_Problem details_
Give the data again exactly, without its images.

_Given information_
*****
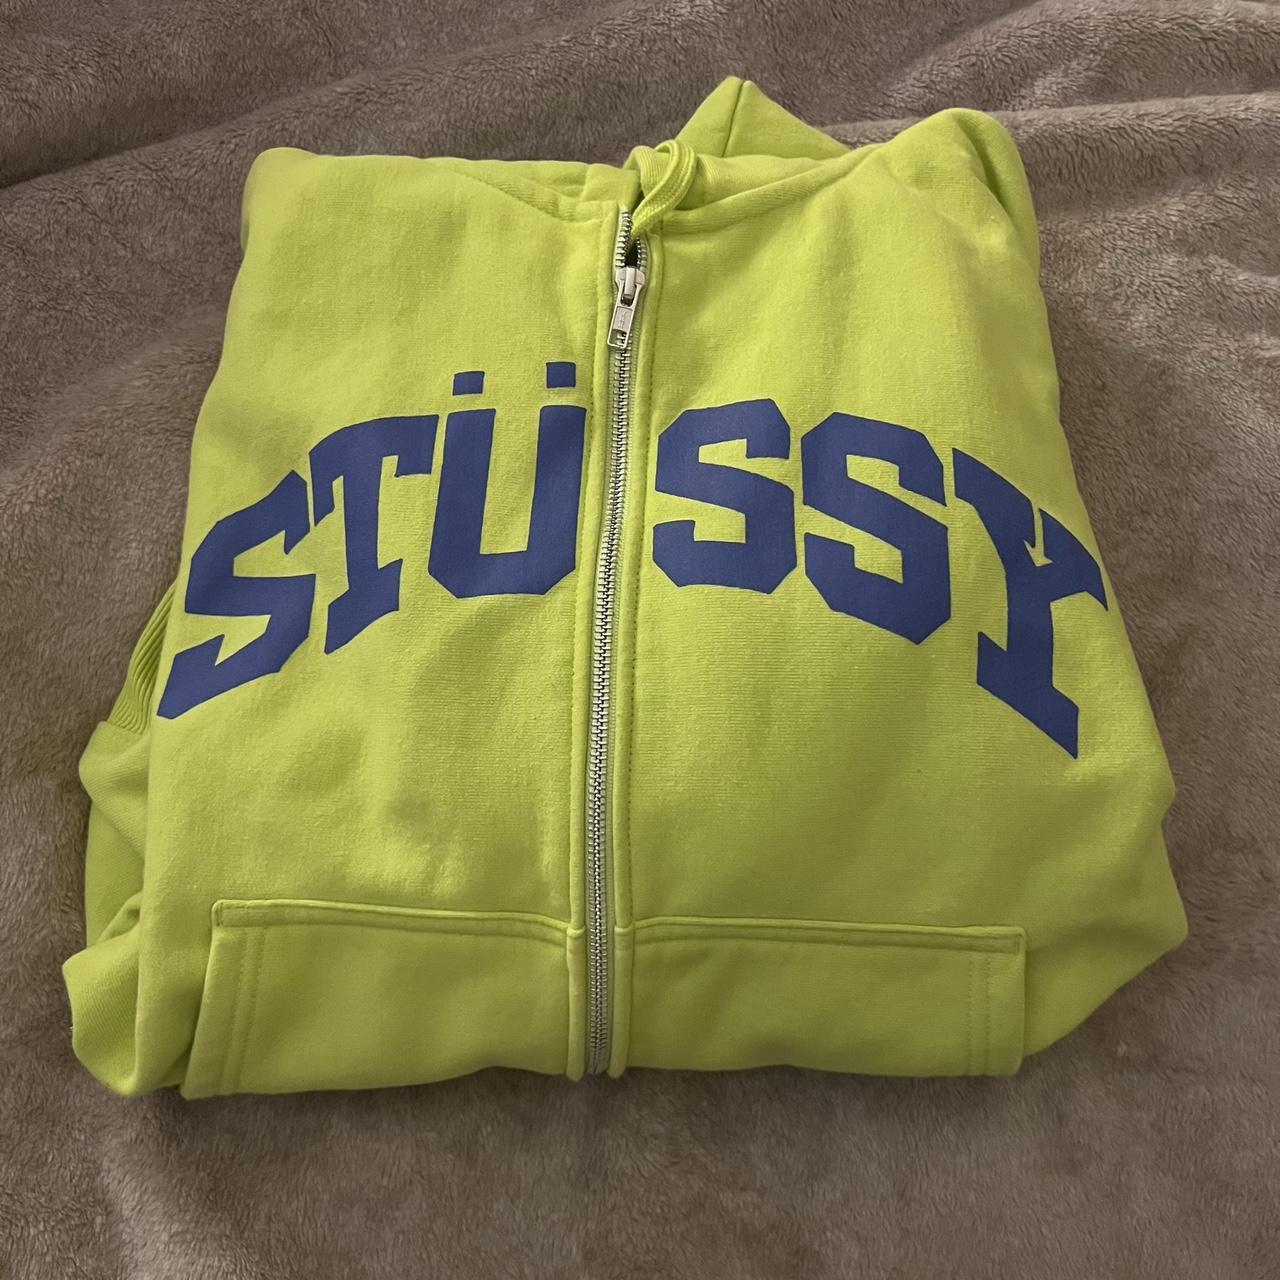 Authentic Stussy zip up hoodie -varsity type... - Depop
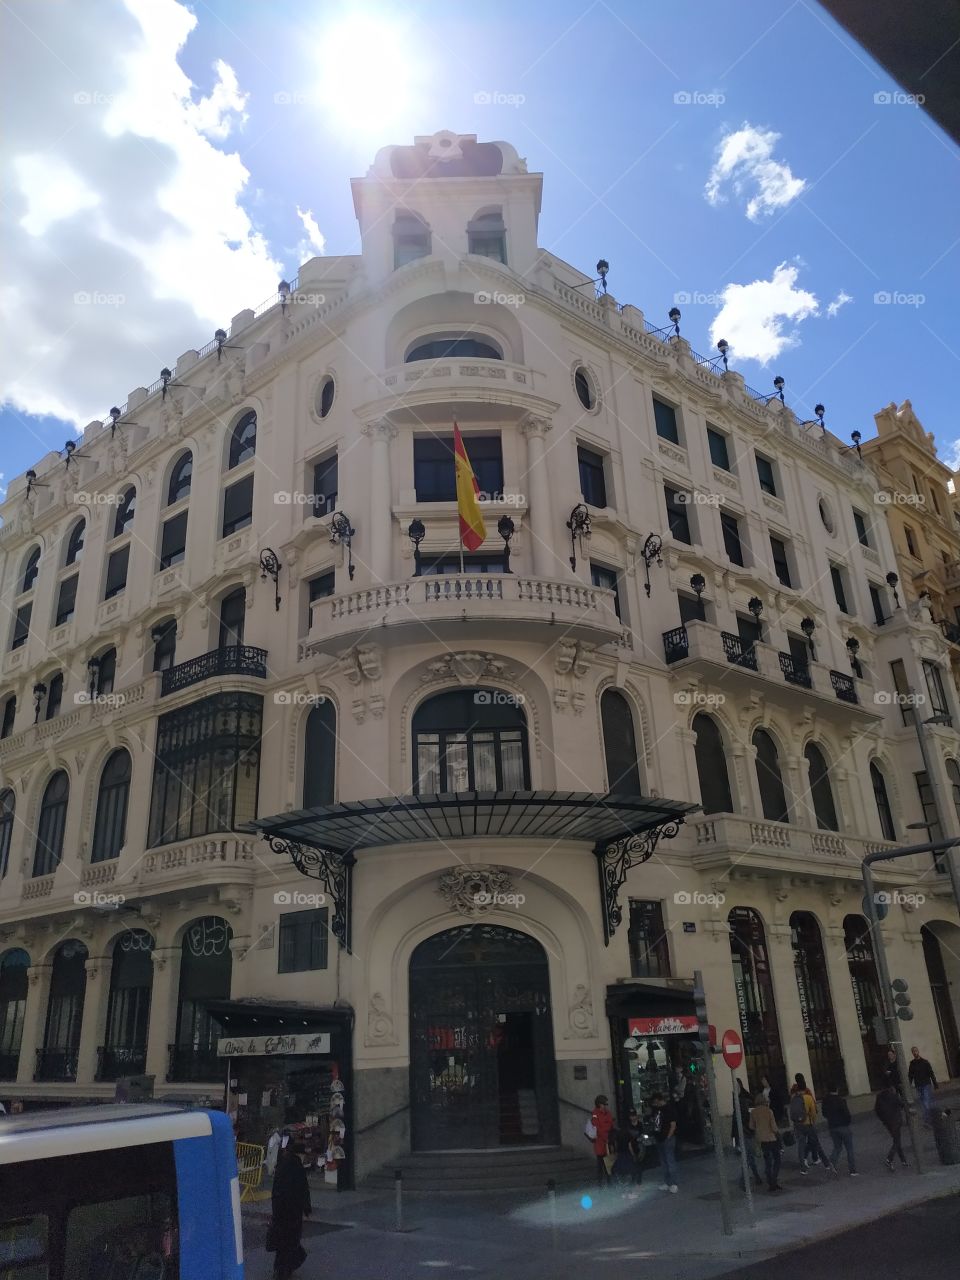 Edificio con vista al cielo

Madrid, España. Una ciudad donde se puede ver con facilidad los cielos azules. Arquitectura donde son mas interesantes con un cielo de fondo.
*****
_Completed exercise_
 Authentic Stussy zip up hoodie -varsity type... - Depop
 Edificio con vista al cielo

Madrid, España. Una ciudad donde se puede ver con facilidad los cielos azules. Arquitectura donde son mas interesantes con un cielo de fondo.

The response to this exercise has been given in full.